TASK PROMPT – A verbatim copy is needed of the lines below from the one containing "Ilustracja Ziemi. Ziemia" up to and including the one containing "Le Klint Teak", excluding pictures.
--- GIVEN DATA Enclosed Below ---
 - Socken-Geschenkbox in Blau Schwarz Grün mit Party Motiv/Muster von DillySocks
--- End of Enclosed GIVEN DATA ---
--- GIVEN DATA Enclosed Below ---
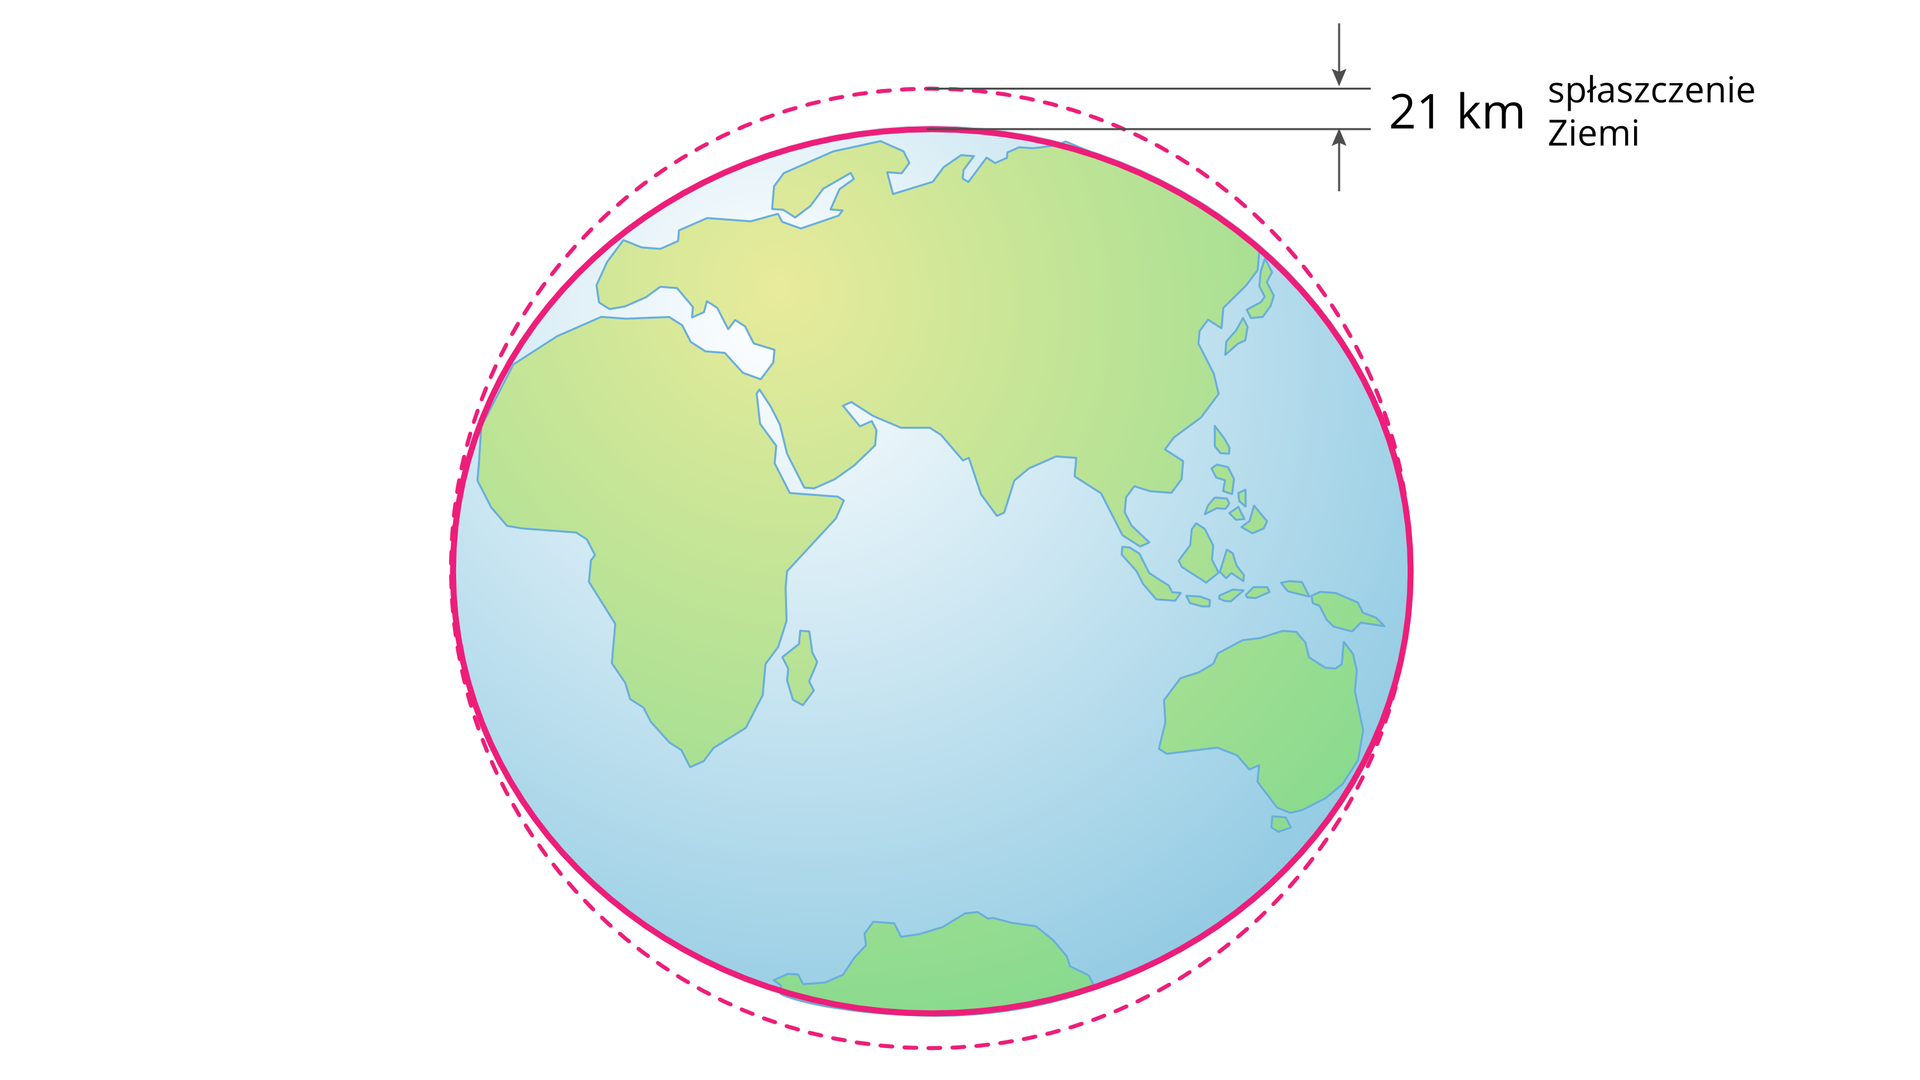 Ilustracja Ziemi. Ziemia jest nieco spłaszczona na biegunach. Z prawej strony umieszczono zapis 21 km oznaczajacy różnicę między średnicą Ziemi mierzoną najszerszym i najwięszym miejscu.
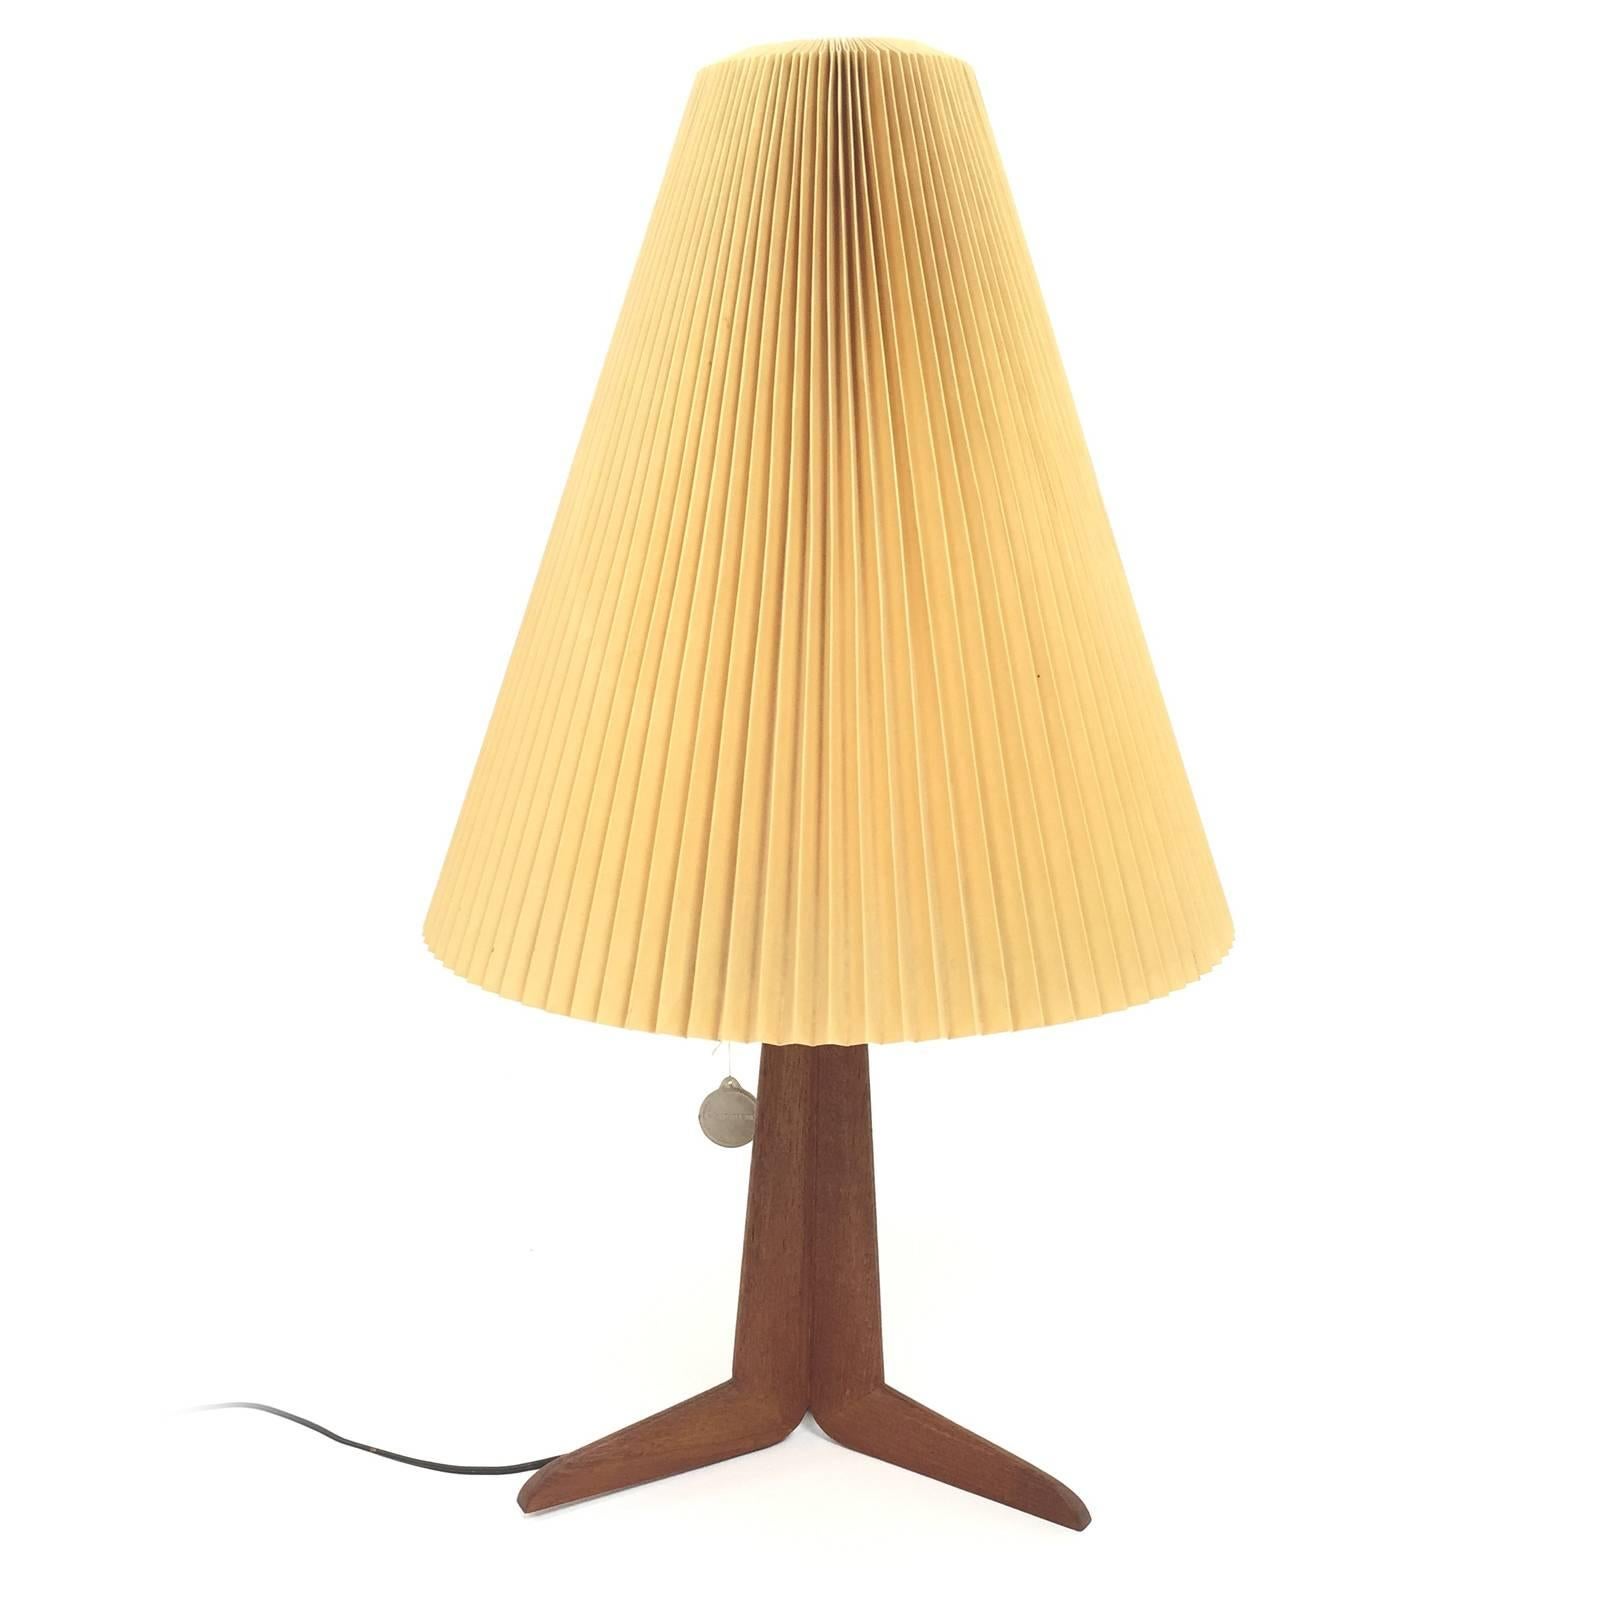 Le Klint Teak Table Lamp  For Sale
--- End of Enclosed GIVEN DATA ---
--- GIVEN DATA Enclosed Below ---
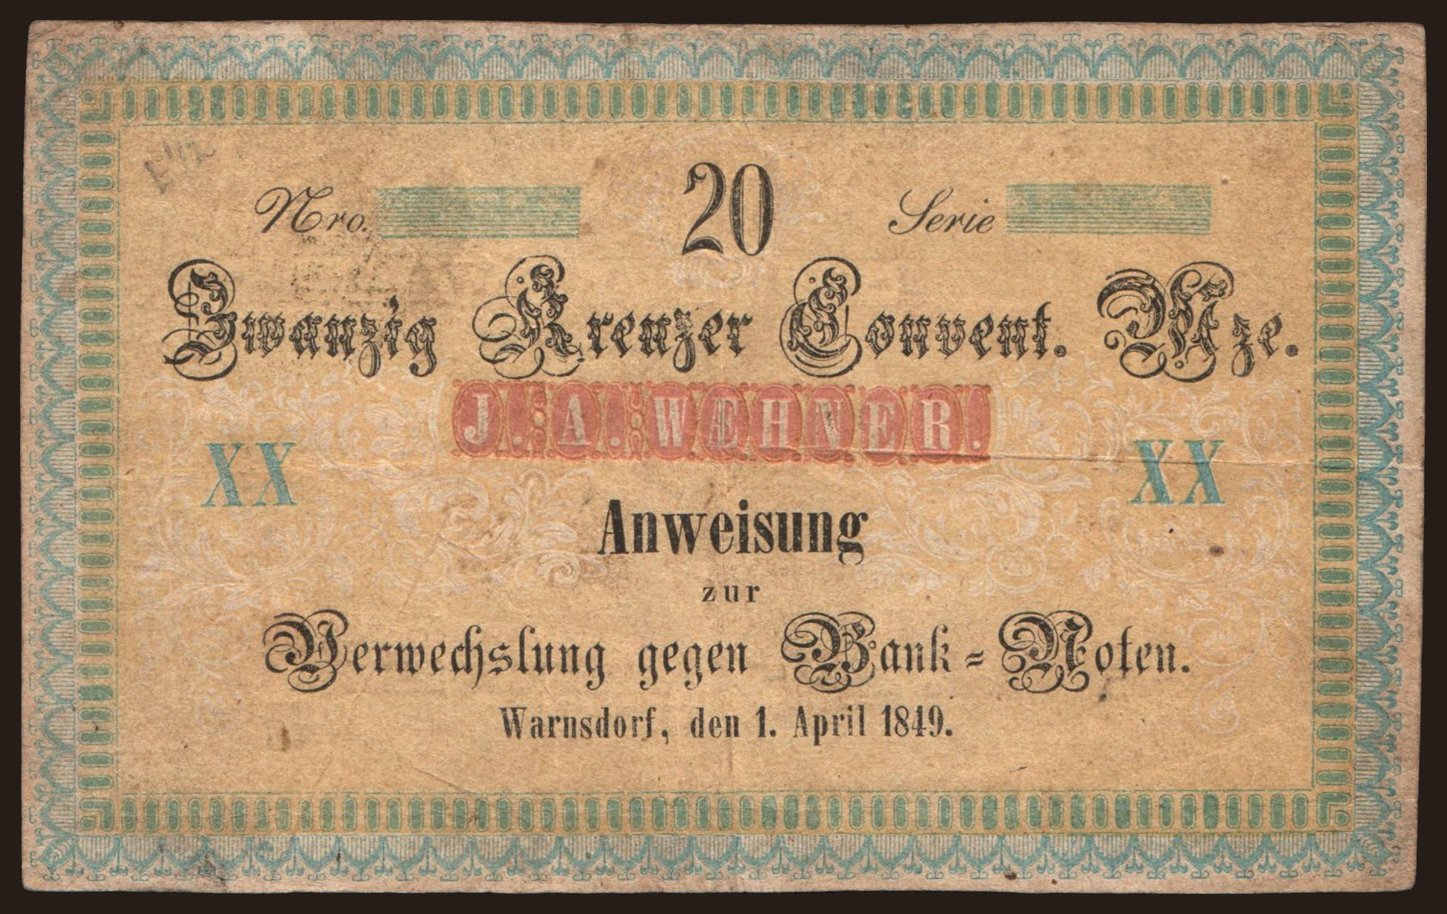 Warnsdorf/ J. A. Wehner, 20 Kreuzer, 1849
--- End of Enclosed GIVEN DATA ---
RESPONSE AREA –
 Ilustracja Ziemi. Ziemia jest nieco spłaszczona na biegunach. Z prawej strony umieszczono zapis 21 km oznaczajacy różnicę między średnicą Ziemi mierzoną najszerszym i najwięszym miejscu.
 Le Klint Teak Table Lamp  For Sale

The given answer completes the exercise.